Here are the results (I didn’t have patience to finish 2.5M steps):
Steps | Time for 10,000, sec | Total time, sec | ||
---|---|---|---|---|
Java | C++ | Java | C++ | |
10,000 | 0.75 | 0.77 | 0.75 | 0.77 |
20,000 | 1.6 | 2.7 | 2.3 | 3.5 |
30,000 | 2.7 | 4.9 | 5.0 | 8.4 |
500,000 | 125 | 317 | 2,206 | 6,301 |
1,000,000 | 324 | 980 | 13,577 | 37,160 |
1,500,000 | 553 | 1,670 | 35,203 | 101,968 |
2,000,000 | 834 | 2,436 | 70,420 | 187,174 |
2,500,000 | 1,126 | 119,481 |
This result is sensational. The C++ is losing dramatically. The execution speed in C++ becomes three times lower than in Java as the structure grows. Why this happens is a topic of another big investigation. We can straight away come with some theories:
-
One possible explanations involves a different strategy of memory allocation (direct allocate/deallocate vs garbage collection);
-
Different memory layout patterns could have caused better utilisation of the RAM cache in Java’s case;
-
Java could have generated much better code;
-
This could be a result of Java using compressed pointers (objects become shorter and more of them fit into the cache).
We won’t investigate it here, however, as this article is already too long.

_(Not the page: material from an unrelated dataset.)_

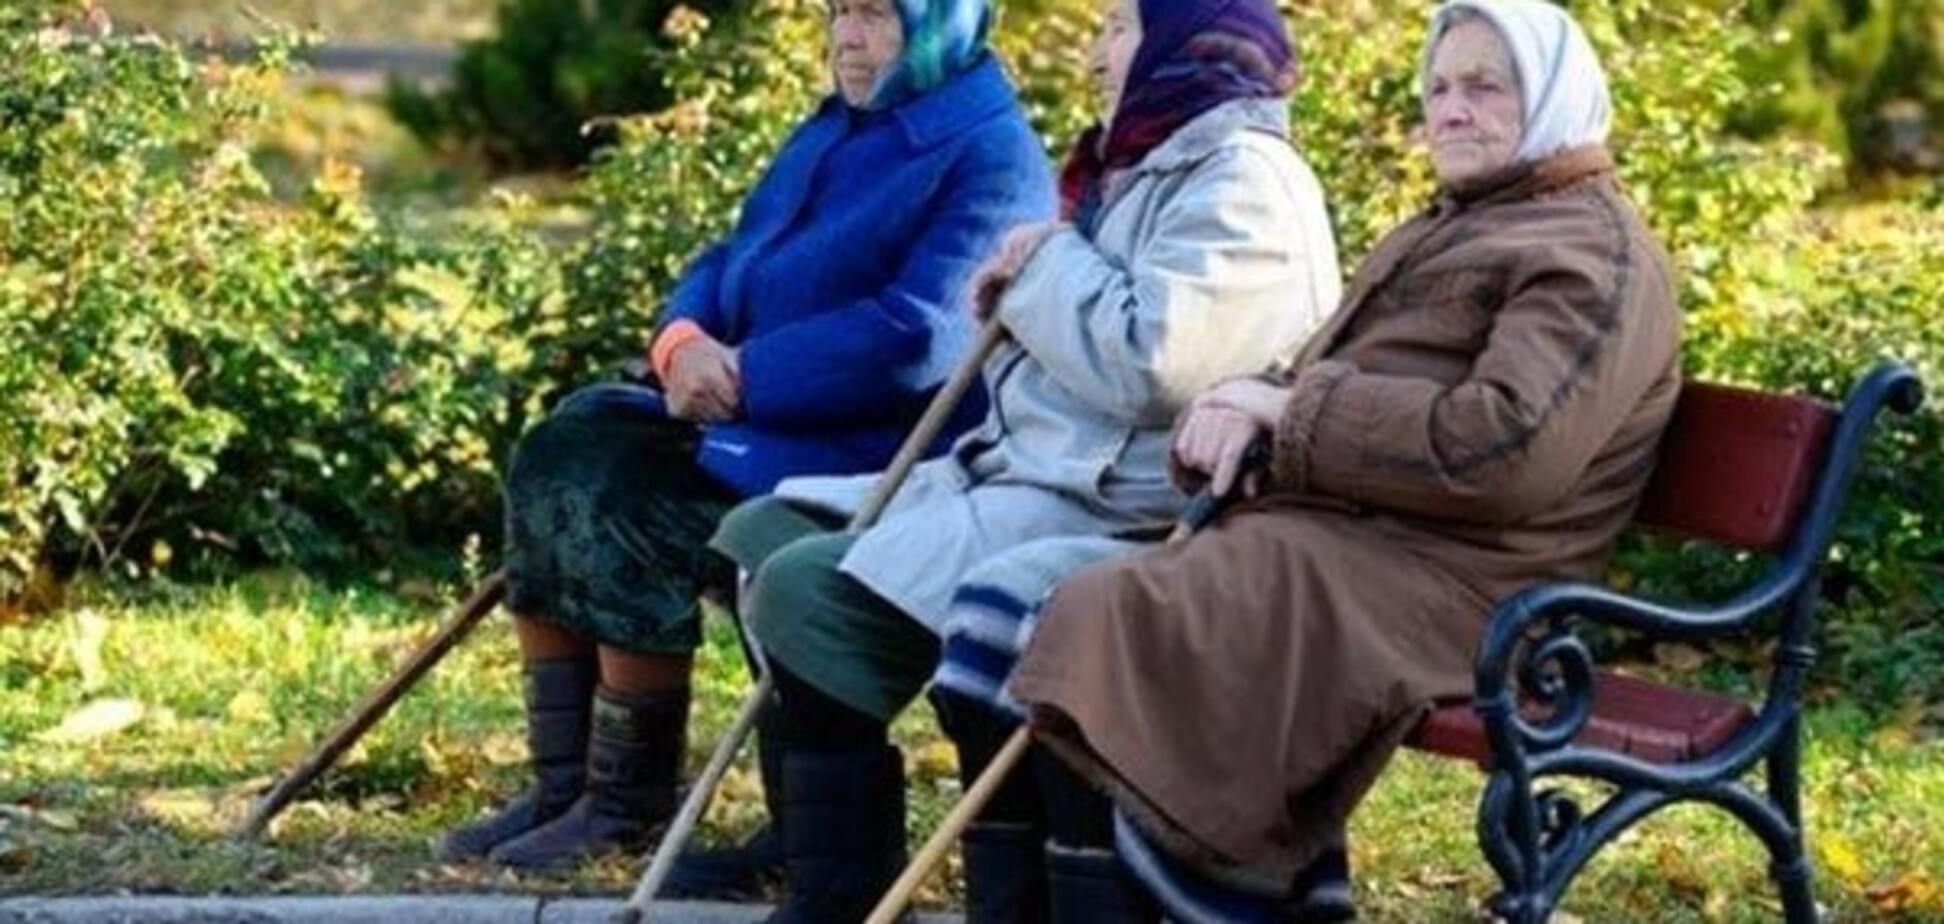 Власти повысят пенсионный возраст до 70 лет - Ляшко
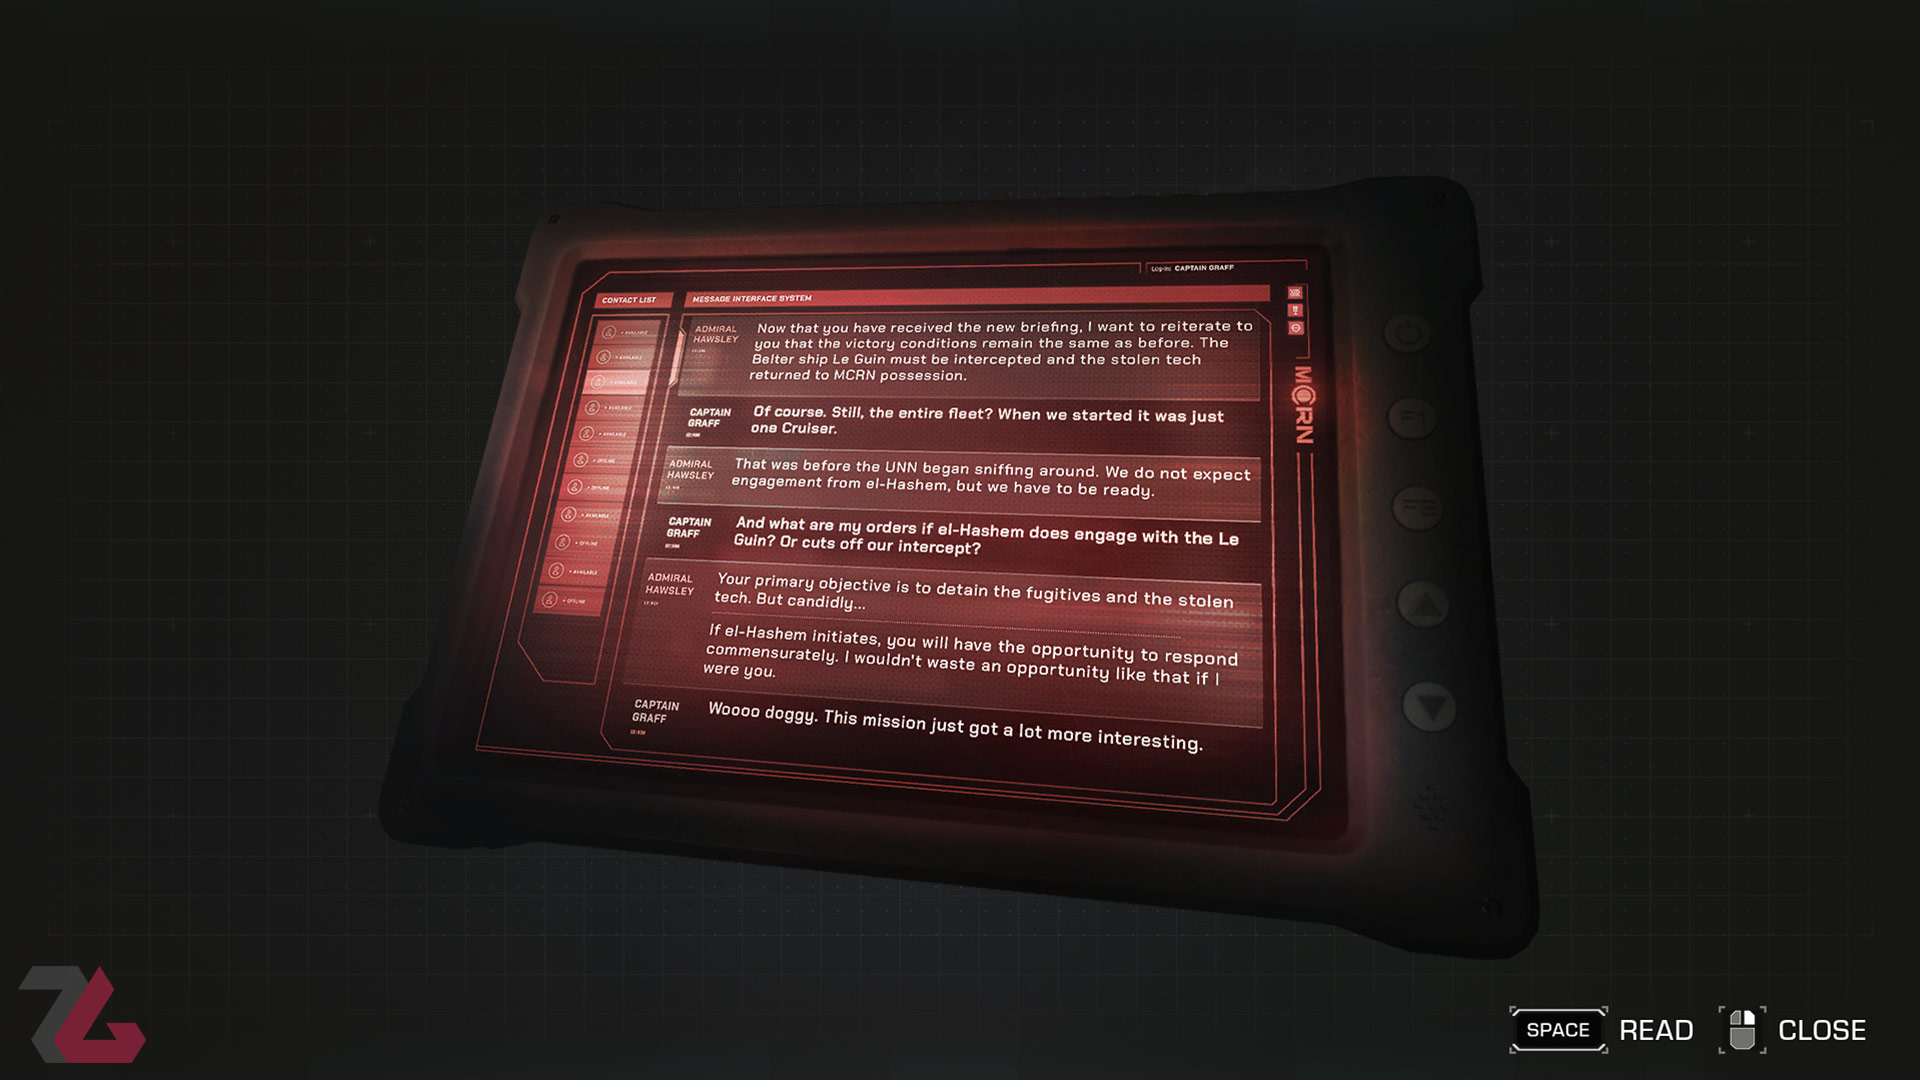 نوشته های به‌جا مانده از افراد سفینه نابودشده در قسمت دوم بازی اکسپنس، محصول استودیو تل تیل

We’ll return to this issue later.
Conclusions
-
The general myth “C++ is always faster than Java” is busted.
-
The default hash map implementation in C++ is better than the default one in Java.
-
However, Java’s hash map performance can be improved by using higher capacity and the
LinkedHashMap
, while the C++’s can’t (or, rather, it can, but by custom coding). -
Most of the optimisations applicable in Java are also applicable in C++. This specifically applies to implementing a custom-made hash map. In our case it performed three times faster than the standard one (although the standard one worked three times faster than the Java’s standard one).
-
The custom implementation of hash maps makes both Java and C++ faster, but helps Java more (in fact, it helps it so much that it outperforms C++).
-
The C++’s default hash function for integer numbers (
uint32_t
in our test) works much better than the one in Java. It performed better than any of the custom ones until we implemented a custom hash map. Why this happened is still a mystery. -
While C++ caught up with Java performance on the small test, it failed miserably on the big one.
Coming soon
The C++ program being three times slower than the Java version is an abnormal situation and a mystery. It must be investigated. I’ll do that in one of the next articles.